Work instructions: Transcribe word for word the section of the records below that opens with the line containing "moschino inspired t shirt" and closes with the line containing "La mia bambina"; drop every picture.

Record excerpts:
:::
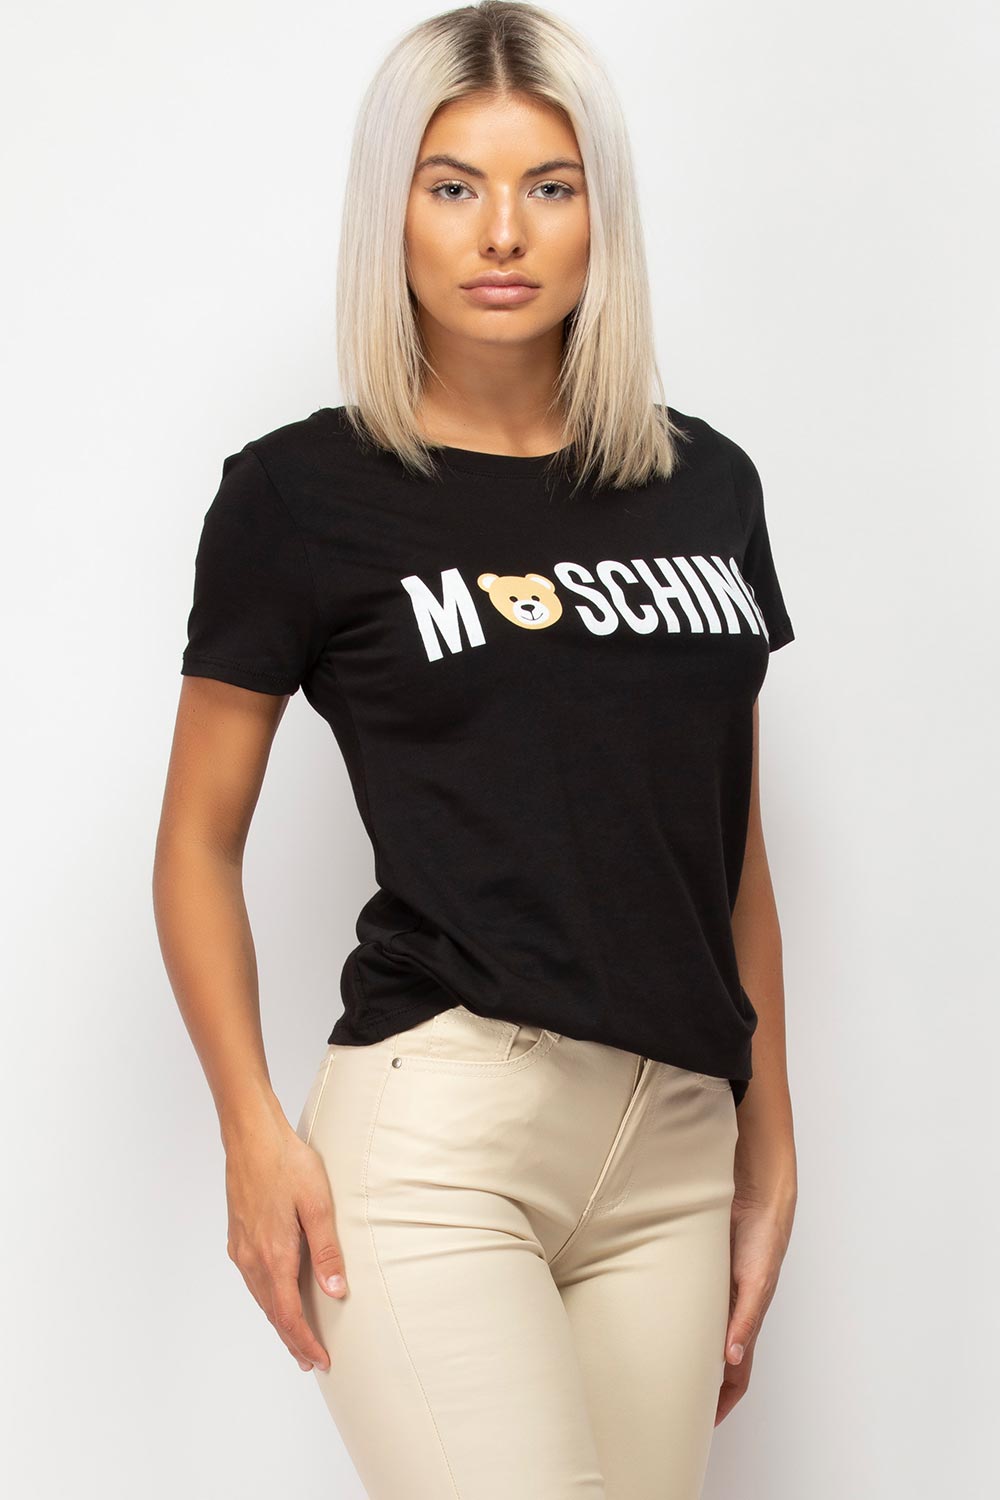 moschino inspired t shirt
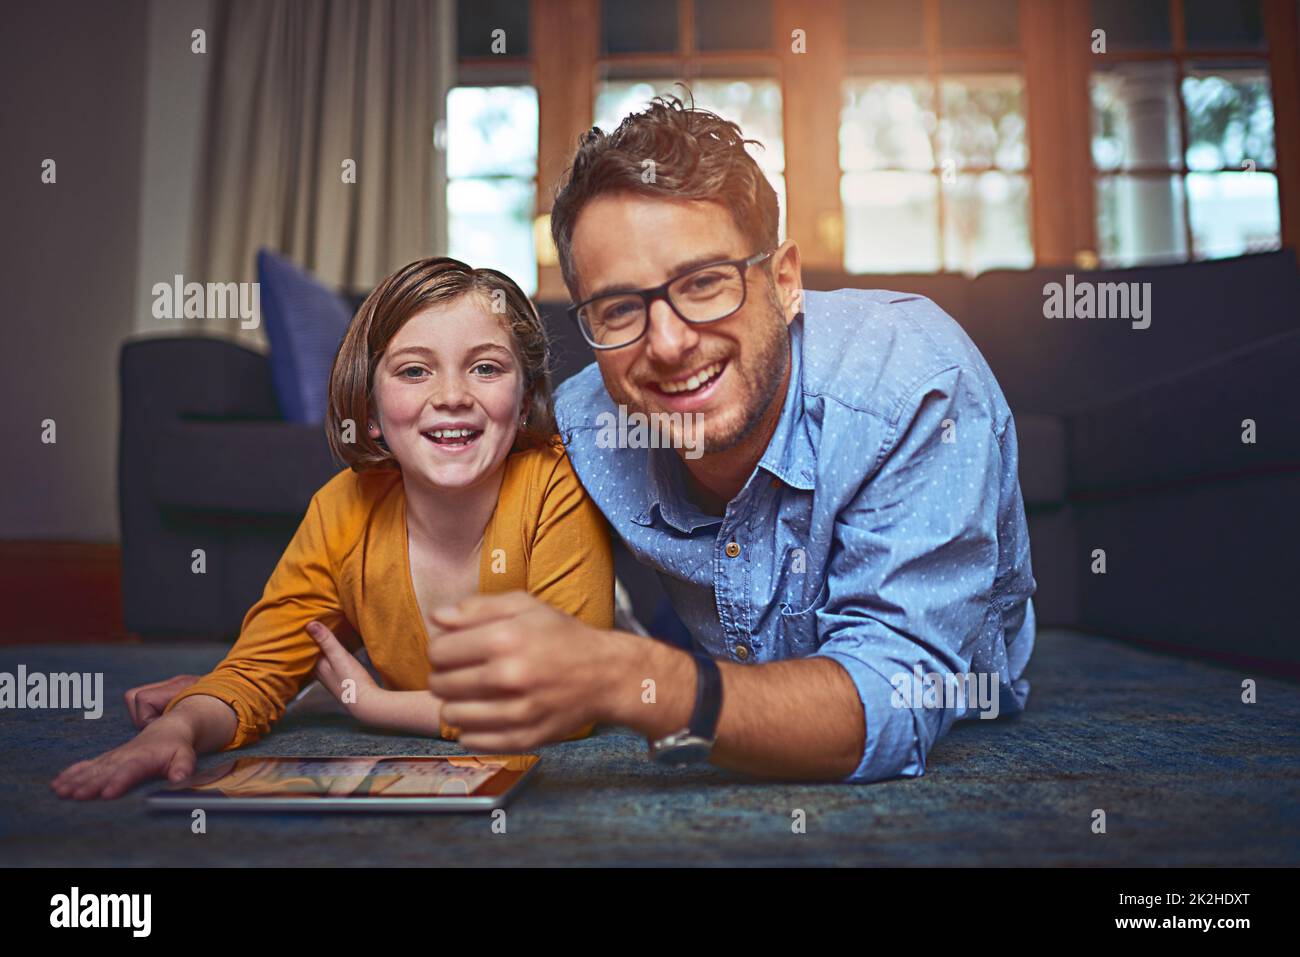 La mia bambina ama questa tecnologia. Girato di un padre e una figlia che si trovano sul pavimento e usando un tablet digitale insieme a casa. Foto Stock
:::
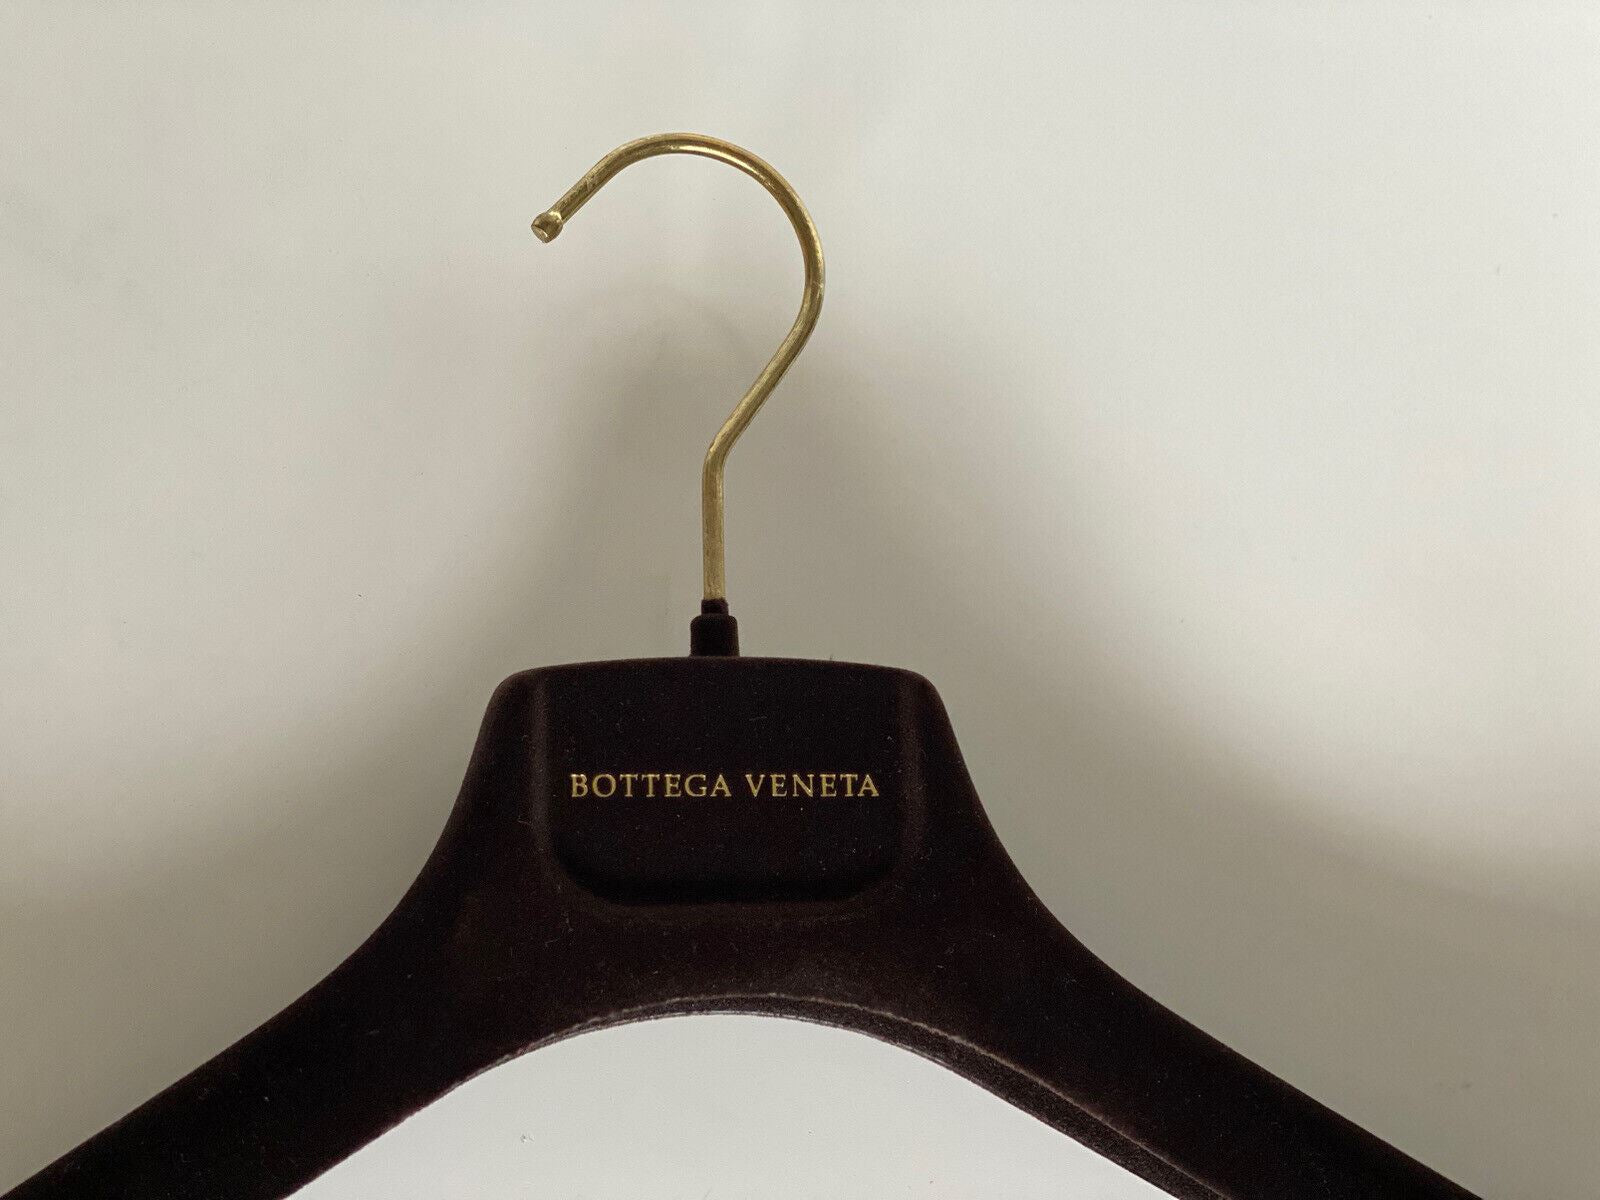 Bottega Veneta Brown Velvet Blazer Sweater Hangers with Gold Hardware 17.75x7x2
:::
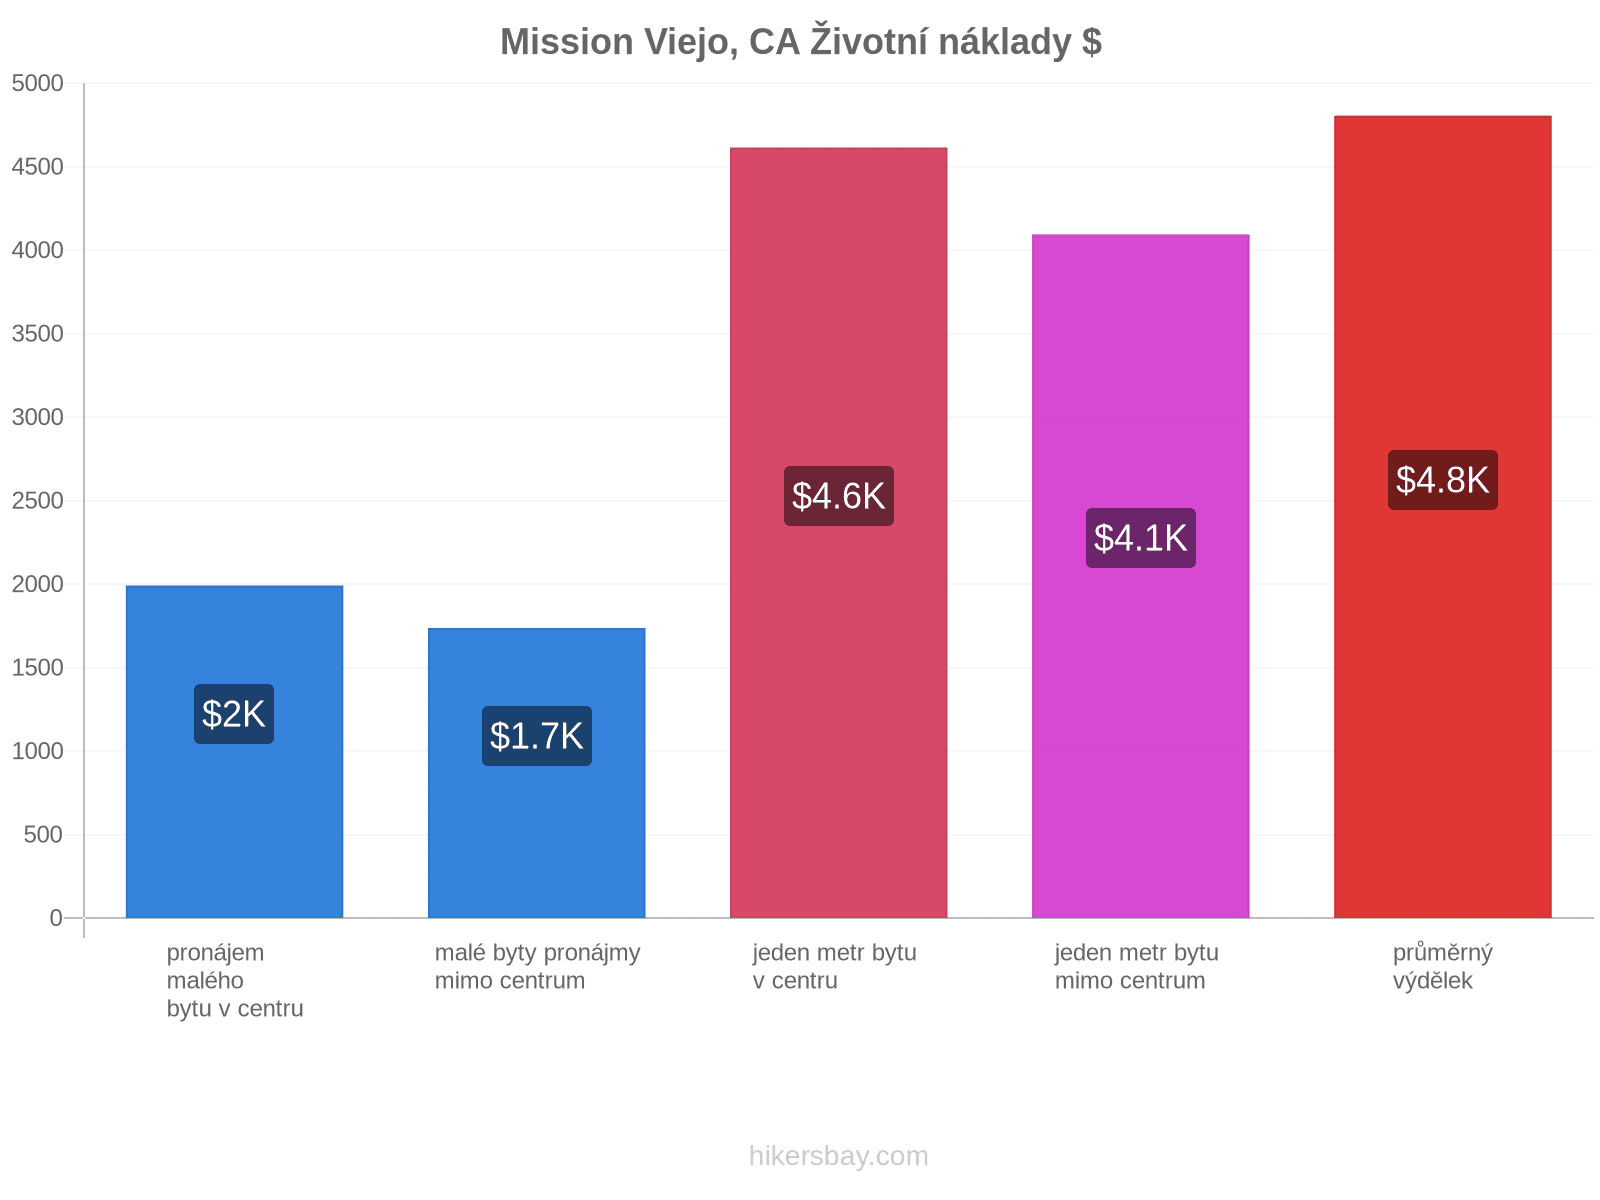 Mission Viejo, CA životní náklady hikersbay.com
:::
Solution:
 moschino inspired t shirt
 La mia bambina ama questa tecnologia. Girato di un padre e una figlia che si trovano sul pavimento e usando un tablet digitale insieme a casa. Foto Stock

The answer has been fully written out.